Can an analog of the S combinator be expressed in Haskell using only standard functions (without defining it by equation) and without using lambda (anonymous function)? I expect it to by of type (a -> b -> c) -> (a -> b) -> a -> c.

For example, an analog of the K combinator is just const.

In fact i am trying to express the function \f x -> f x x using standard functions, but cannot think of any standard non-linear function to start with (that is a function that uses its argument more than once).

Answer 1

To me it's only understandable when writing out types out as follows:

The Wiki notation of the S combinator is

Sxyz = xz(yz)

Think of x as a function of two arguments, and y as one with one arguments, and z as a value. The value z is passed into y; that result together with z is passed into x.

The definition of <*> is

(<*>) :: f (a -> b) -> f a -> f b

where f here is the Function functor ((->) r), which is just the prefix notation for the usual function type notation r -> .. So just expanding the type results (hiding some -> arrows for simplicity) in

 (<*>) :: f (a -> b)  ->  f a  ->  f b
          f (a -> b)      f a      f b
         r->(a -> b)     r->a     r->b
         r-> a -> b      r->a     r->b
         ^^^^^^^^^^      ^^^^     ^
         x (2args)       y (1arg) z (value)

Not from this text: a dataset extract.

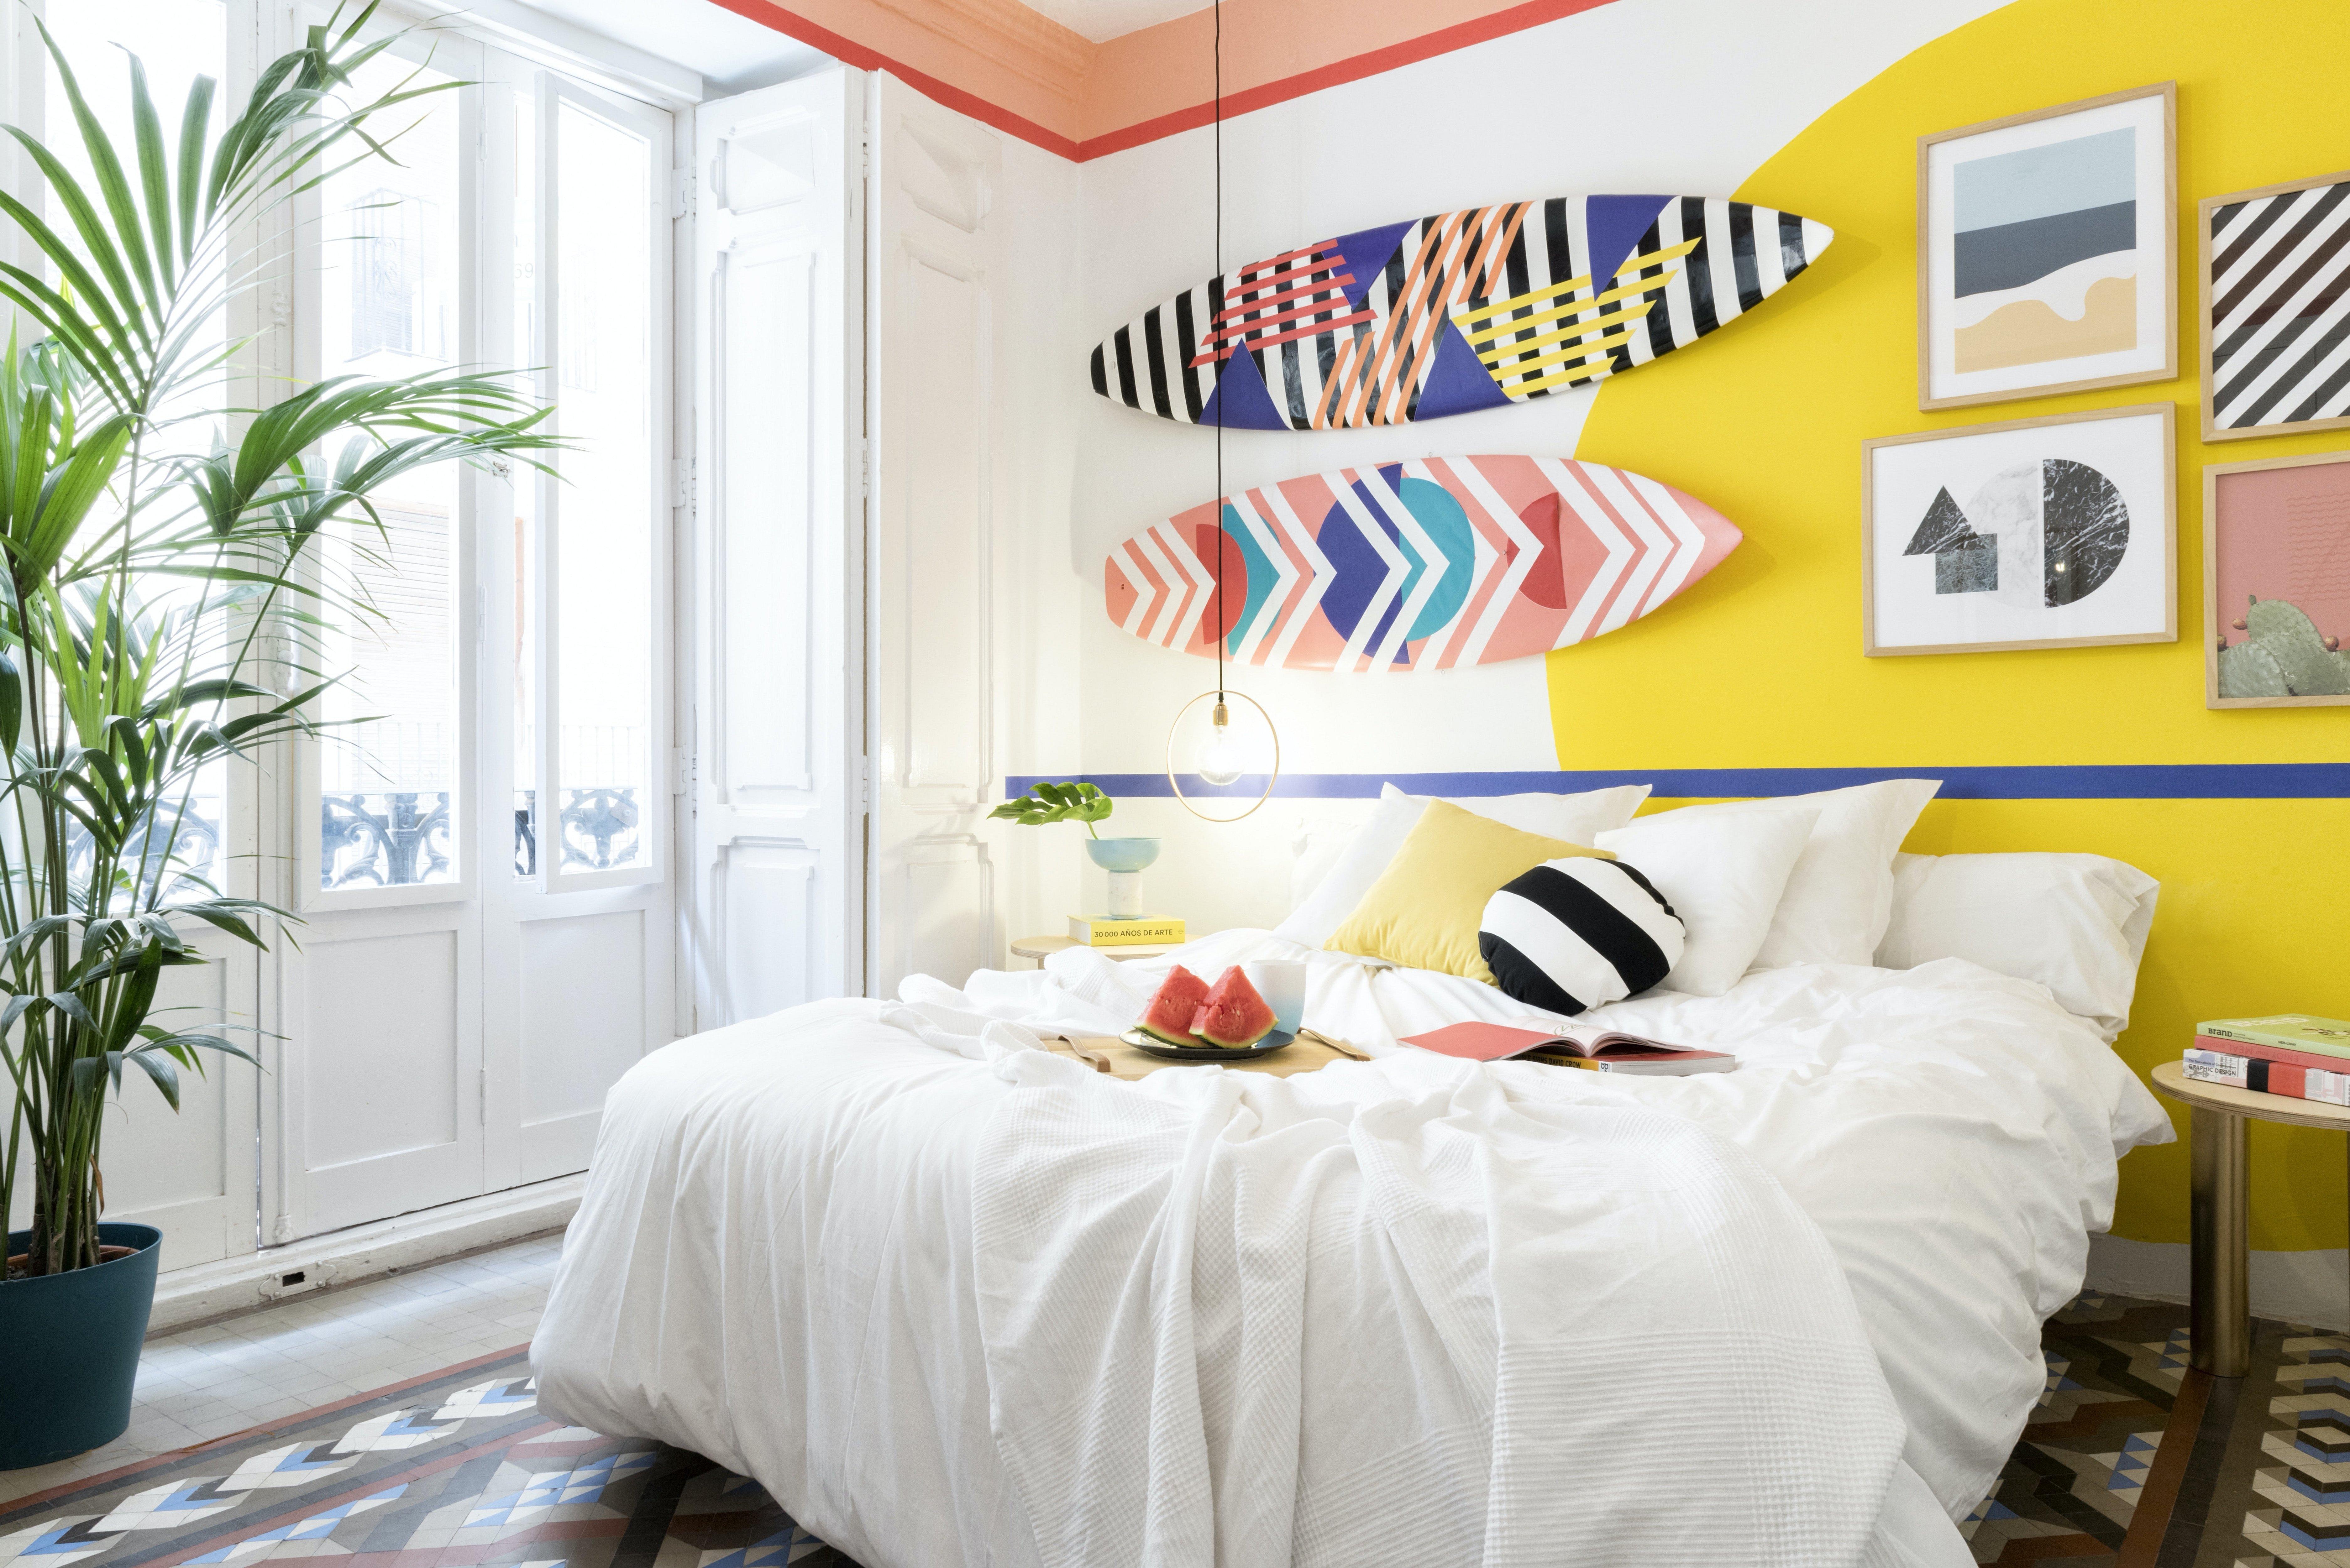 Спальня в стиле икеа с яркими элементами

As in the S combinator, the value z (corresponds to r) is passed to y (corresponds to r -> a); that result (corresponds to a) is passed together with z into x (corresponds to r -> a -> b) as the first argument. The final result corresponds to b.

Answer 2

It can also be used (=<<), (>>=).

And they are included in Prelude

instance Monad ((->) r) where  
    return = const
    f >>= k = \ r -> k (f r) r  

Answer 3

s = (<*>) for the ((->) r) Applicative instance.

Answer 4

Although it doesn't look like it at first, ap is the S combinator (and join is the combinator you're really after).